给定一个仅水平和垂直的路径列表(包含起点和终点坐标),如何找到它们形成的所有矩形?
详细说明:
这是我的天真实施,太慢了。还有其他方法吗?
def find_rectangles(paths):
vertical_paths = filter(lambda path: is_vertical(path), paths)
horizontal_paths = filter(lambda path: is_horizontal(path), paths)
vertical_paths.sort(key=lambda path: path.start.imag, reverse=True)

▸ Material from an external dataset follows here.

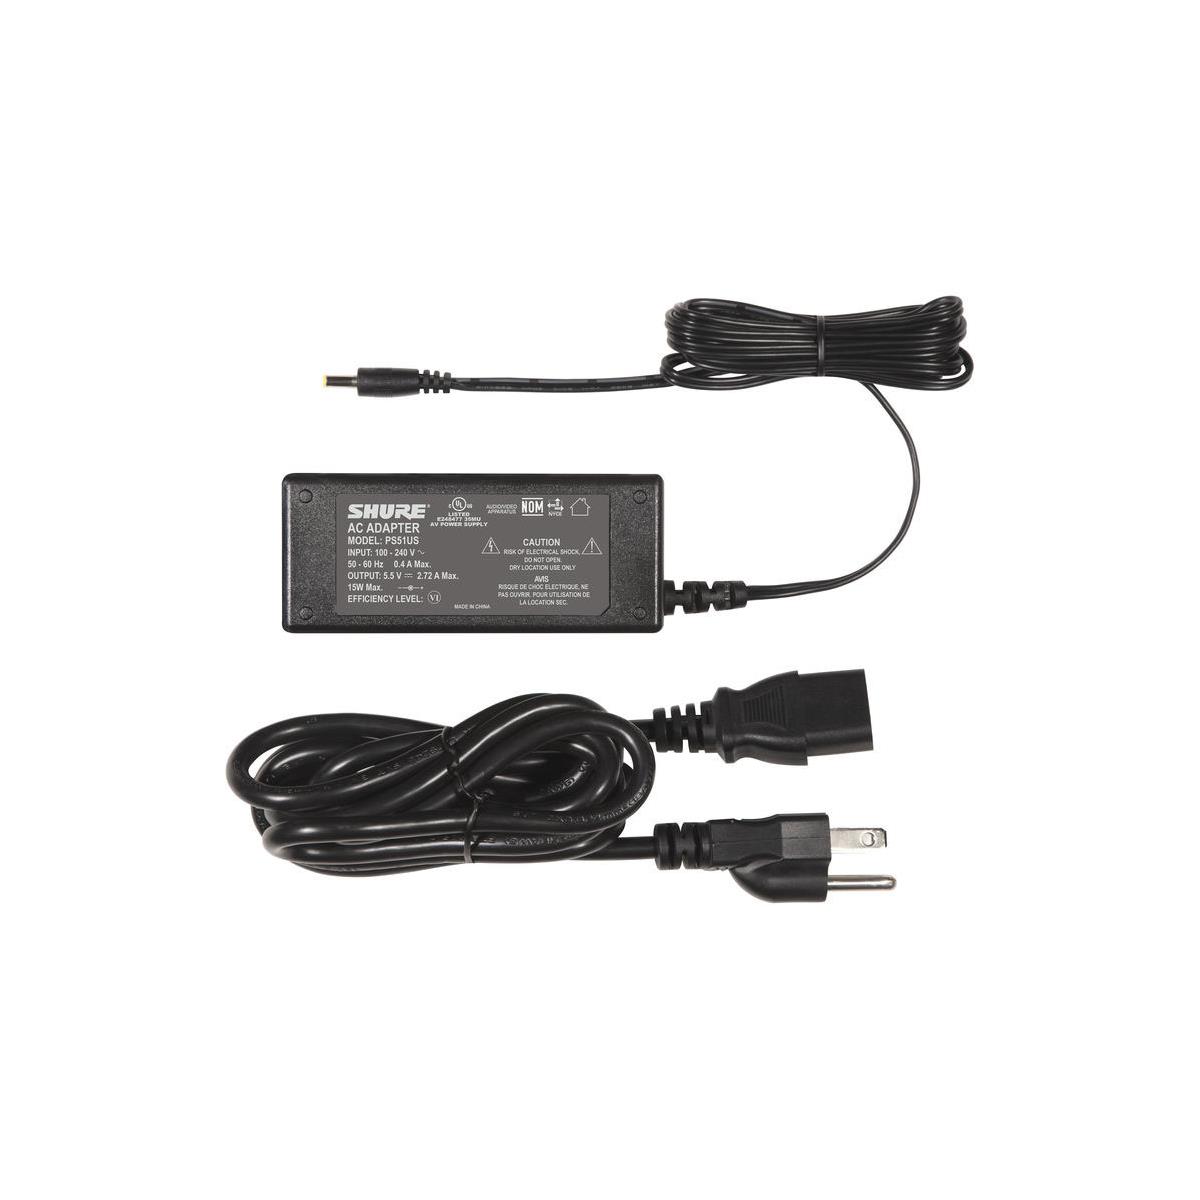 Image of Shure 15 VDC Power Supply for 2 Bay Chargers

horizontal_paths.sort(key=lambda path: path.start.real)
h_pairs = []
for i in range(0, len(horizontal_paths) - 1):
for j in range(1, len(horizontal_paths)):
if horizontal_paths[i].start.real == horizontal_paths[j].start.real and horizontal_paths[i].end.real == horizontal_paths[j].end.real:
h_pairs.append((horizontal_paths[i], horizontal_paths[j]))
v_pairs = []
for i in range(0, len(vertical_paths) - 1):
for j in range(1, len(vertical_paths)):
if vertical_paths[i].start.imag == vertical_paths[j].start.imag and vertical_paths[i].end.imag == vertical_paths[j].end.imag:
v_pairs.append((vertical_paths[i], vertical_paths[j]))
rects = []
for h1, h2 in h_pairs:
for v1, v2 in v_pairs:
if h1.start == v1.start and v1.end == h2.start and h1.end == v2.start and h2.end == v2.end:
rects.append(Rect(h1.start, h1.end, h2.end, h2.start))
return rects
修改:(所有建议的改进)
主要区别在于我将所有水平边的端点存储在一个集合中,因此查找它们是O(1):
def find_rectangles(paths):
vertical_paths = [path for path in paths if is_vertical(path)]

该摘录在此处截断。